2. Governance and Civil Stability
There are various measures to ascertain whether government institutions function and are
trusted. This is critical for support of government-sponsored health services and for the
climate in which civil society operates. Specifically, in terms of civil stability, in areas where
there is disruption because of war or insurrection, there is likely to be disruption of
services, strains in social networks, and even physical displacement of people. Disruption of
this sort makes gains in health tenuous at best. When the situation is at its worst, perhaps
immediately post-conflict, project managers should be cautious in terms what they promise
with regards to sustainability.
[38]
3. Human Development
Large swings in the economic and development landscape can make for shifting priorities
among organizations and individuals that may threaten health gains. For instance, in a
situation of drought or even famine, subsistence will predominate over health in terms of
national, local, and household priorities. The United Nations Development Programme (UNDP)
computes a summary measure of human development—the Human Development Index
(HDI)—for all countries on a periodic basis. UNDP country offices sometimes compute this
score for sub national regions as well. Progress on the HDI supports greater expectations
for what can be sustained.
4. Women’s Empowerment
The role of women is critical in population health gains, as women are the main caregivers to
themselves and their family members. Values related to women, in terms of their decision
making authority and power within the household will either endanger or solidify their ability
to act in order to effect positive change for health. This correlates with their level of
education and literacy.
5. Natural Environmental Factors
Many areas are prone to natural disasters that have the ability to quickly wipe out gains in
health and development. Some geographic regions are more prone than others to disruptive
natural phenomena. The profile of vulnerabilities will vary from location to location. Some
areas are prone to drought affecting food security and nutrition; others to quicker onset
disasters causing massive service disruption and/or displacement of populations (e.g.,
earthquakes, tsunamis, hurricanes, flooding, etc.). Unfortunately, the poor are
disproportionately affected by natural disasters.
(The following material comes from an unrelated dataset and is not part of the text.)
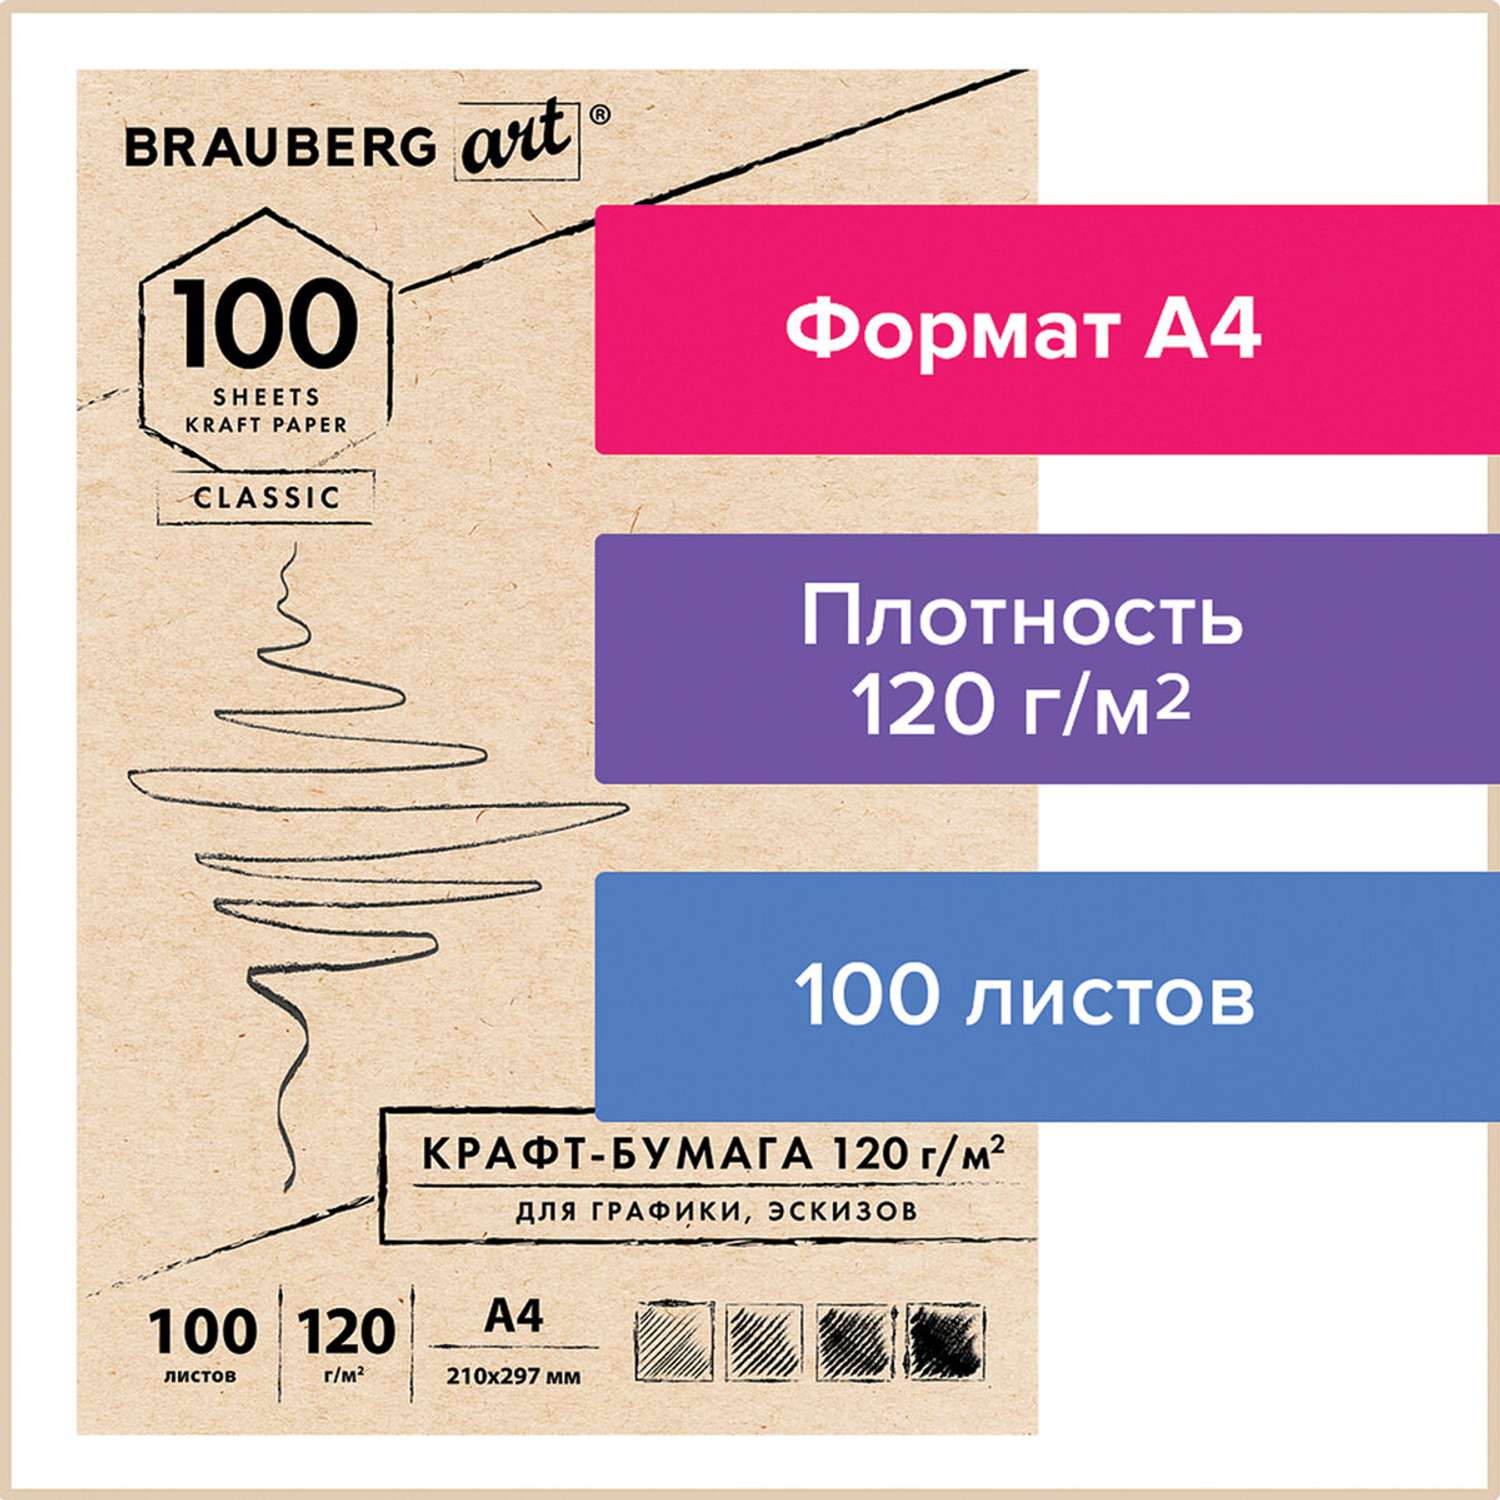 Крафт-бумага для графики Brauberg эскизов А4 100л Art Classic - фото 2

The ability of a project to influence these subcomponents directly or indirectly is greater for
the first subcomponents listed than for the last. Some will consider the ecological environment
part of ‘the world as it is’ and not deserving to be part of a project’s analytical model. But in
some contexts, projects will find reporting on vulnerability and national preparedness important
to draw attention to threats to the sustainability of local efforts. This can be a tool for
advocacy. There can also be ecological variables with more direct effects, such as whether
mosquito breeding sites are controlled or not.
[39]
Handout 22 Enabling Environment Indicators Subcomponent Index Data Source
a. Health Policy and Government Commitment to Health
Commitment to Health Center for Global Development http://www.cgdev.org/content/publications/detail/10016
b. Governance and Civil Stability
Voice and Accountability World Governance Indicators http://info.worldbank.org/governance/wgi/index.asp
Political Stability and Absence of Violence
World Governance Indicators http://info.worldbank.org/governance/wgi/index.asp
Government Effectiveness World Governance Indicators http://info.worldbank.org/governance/wgi/index.asp
Regulatory Quality World Governance Indicators http://info.worldbank.org/governance/wgi/index.asp
Rule of Law World Governance Indicators http://info.worldbank.org/governance/wgi/index.asp
Corruption Perception Index Transparency International www.transparency.org/policy_research/surveys_indices/cpi
c. Strength of Civil Society
Civil Society Strength Indicator
Freedom House www.freedomhouse.org
Indicator of Civil Liberties and Political Rights
Freedom House www.freedomhouse.org
d. Human Development Human Development Index UNDP http://hdr.undp.org/en/
Human Poverty Index UNDP http://hdrstats.undp.org/indicators/18.html
Progress toward Millennium Development Goals (MDGs)
UNDP www.mdgmonitor.org
Gini Coefficient (Measure of Income Inequality)
World Development Indicators www.worldbank.org/data
Equitable Access to Education and Health
World Development Indicators www.worldbank.org/data
e. Gender Empowerment
Gender-Related Development Index
UNDP http://hdr.undp.org/en/statistics/indices/gdi_gem/
Gender Empowerment Measure
UNDP http://hdr.undp.org/en/statistics/indices/gdi_gem/
Share of women in political office
UNDP
f. Ecological Environment and Natural Factors
Environmental Risk Index United Nations Environment Programme (UNEP)—Environmental Vulnerability Index (EVI), especially the questions related to disasters): http://www.vulnerabilityindex.net/EVI_2005.htm
General/Cross-Cutting Quality of Life Index The Economist‘s Intelligence Unit www.economist.com/media/pdf/quality_of_life.pdf
[40]
Handout 23 Detailed Sustainability Assessment Plan
Component
Indicators (Monitoring& Evaluation)
Definition of Indicator Source of Data
Frequency of Collection
Partner/ Institution
Responsible Baseline
Value
Program Outcomes
Health Services
Org. Capacity for Service Delivery
Org. Capacity for Comm. Mobilization
Community Capacity
Enabling Environment
[41]
Handout 24 (2 pages) Creating Scores from Scales A 'Scale' is a type of measuring device or weighing machine. As we begin to think about Scales, give your answers to the following: For each of the items below, check if it is better to rank high on the Scale, or low:
Better high on scale Better low on scale The number of cockroaches in my house My results on the pre-test Our team score in football The number of children in my family My body weight in kilograms
What did you choose? When is it better to rank high? When is it better to rank low? When is there debate about which is better? Now repeat the exercise using these sustainability-related issues.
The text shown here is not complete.